We present a large AML tumour excised from a direct specified living donor kidney, prior to transplantation. The first case of a direct specified live donor kidney transplantation after ex vivo excision of AML was performed in 1993.7 There have been several reports of successful renal transplantation with AML in situ. In one case, the lesion was left in situ due to its small size and central location.8 Follow up radiological studies of the lesion have shown no further increase in size despite immunosuppression 18 months post operatively. There have been reports of ex vivo excision of AML in cadaveric kidneys.9 Others have opted for an in vivo excision of an AML under cold ischaemia prior to nephrectomy and transplantation.10 Proposed benefits of in vivo excision include, the ability to extensively evaluate the repair to the excision site at the theoretical expense of an additional re-perfusion episode after cold ischaemia. However we believe the ex vivo approach was more favourable owing to the AML size and location as it provided a more controlled environment, i.e. no risk of bleeding during the dissection. Cold ischaemia time is short in the live donor setting, therefore not significantly longer following the ex vivo dissection. Radiological angiographic embolisation would have been an option, however, after discussion with our radiology colleagues, it was felt that the location and size made for a high risk of failure and recurrence through this approach. Taking this into account we proceeded with a meticulous back table resection. Only the tumour was excised, sparing all the renal parenchyma and avoiding the complications associated with embolisation.

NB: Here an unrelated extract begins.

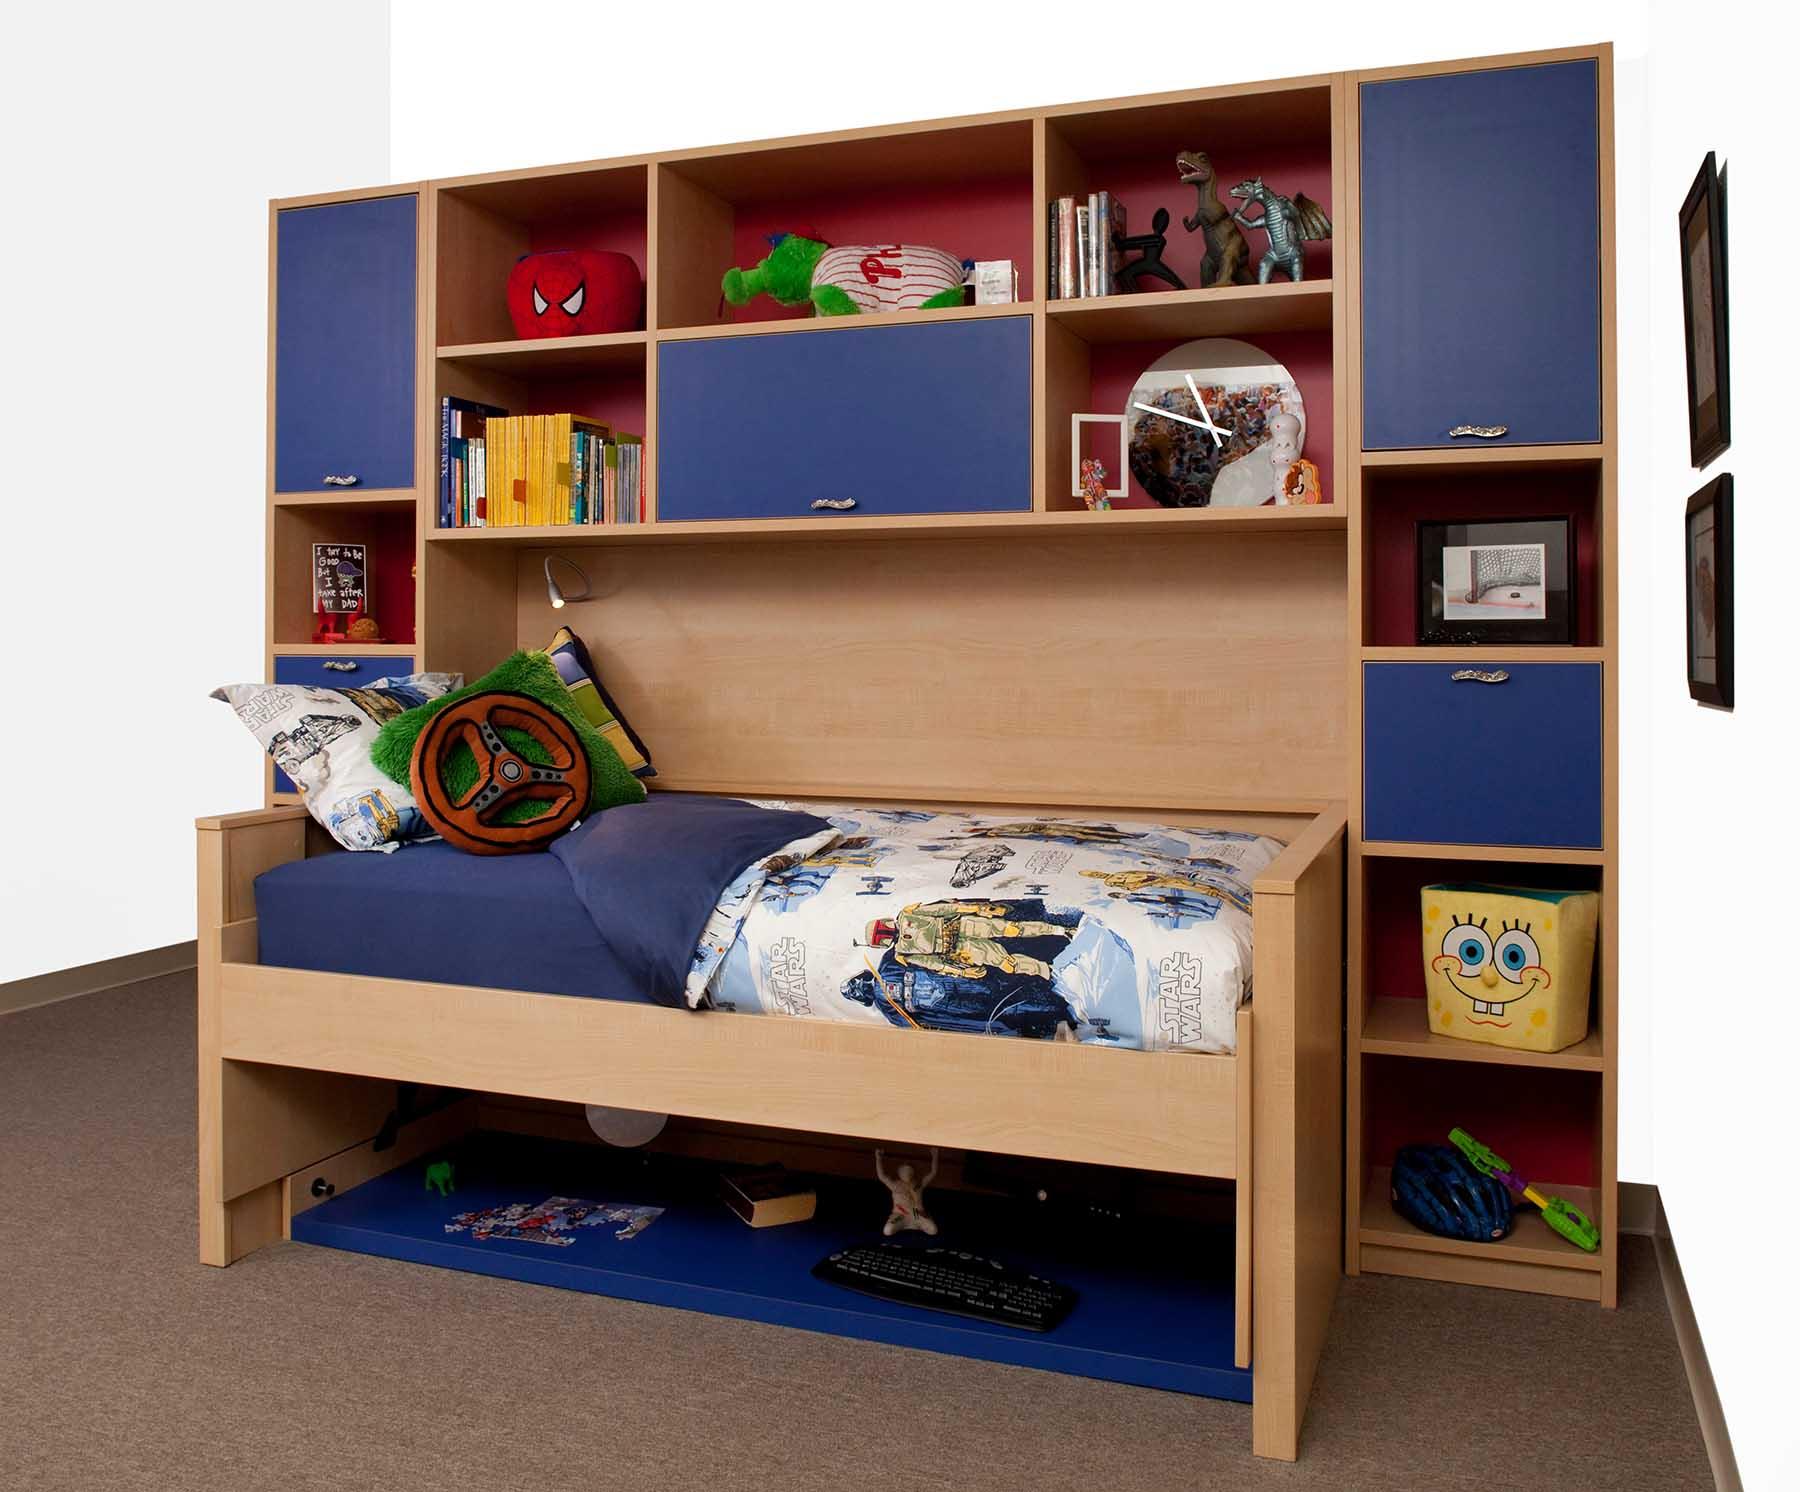 Space saving hidden bed

AML has two recognised aetiologies; associated with the tuberous sclerosis complex of pathologies or sporadic in nature. The donor's DNA was not examined for the presence of tuberous sclerosis due to the nature of her AML. In tuberous sclerosis, tumours are often larger and affect multiple organs. There was no evidence of this on her pre-operative investigations. Furthermore in tuberous sclerosis, AML's are often bilateral and diagnosed in childhood or early adult life.
The AML affected kidney was utilised, which reduced the risk of life threatening haemorrhage associated with large AMLs. The donor was particularly happy to be helping her loved one whilst also being treated simultaneously in one procedure.
Despite the high risk of rupture and intra-operative bleeding, with careful pre-operative planning and meticulous intra-operative care the removal of the AML and direct specified kidney transplantation was possible.
Advances in surgical management have helped to expand the pool of potential organ donors. Kidneys previously considered marginal or unsuitable due to benign lesions are now given consideration.
4. Conclusion
As illustrated, large AML's should not be an absolute contraindication for direct specified kidney transplantation. There is no evidence in the literature to demonstrate recurrence post direct specified kidney transplantation; however patients must be consented for this possible complication. With careful assessment within a multidisciplinary team, including nephrologists, transplant surgeons, urologists, radiologists and histopathologists, patients’ quality of life and prognosis can be significantly improved.
Conflict of interest
The authors of this manuscript have no conflict of interest to disclose as described by International Journal of Surgical Case Reports. The Results presented in this paper have not been published previously in whole or part.
Funding
None.
Ethical approval
Written informed consent was obtained from the patient for publication of this case report and accompanying images. A copy of the written consent is available for review by the Editor-in-Chief of this journal on request.
Author contributions
Mr. Nicos Kessaris has done the study conception and design. He along with Mr. Hamid Abboudi and Mr. Pankaj Chandak drafted the article. Though, Mr. Jiri Fronek teamed with the latter two to carry out study conception and design works, he played an instrumental role in the final approval of the version to be published.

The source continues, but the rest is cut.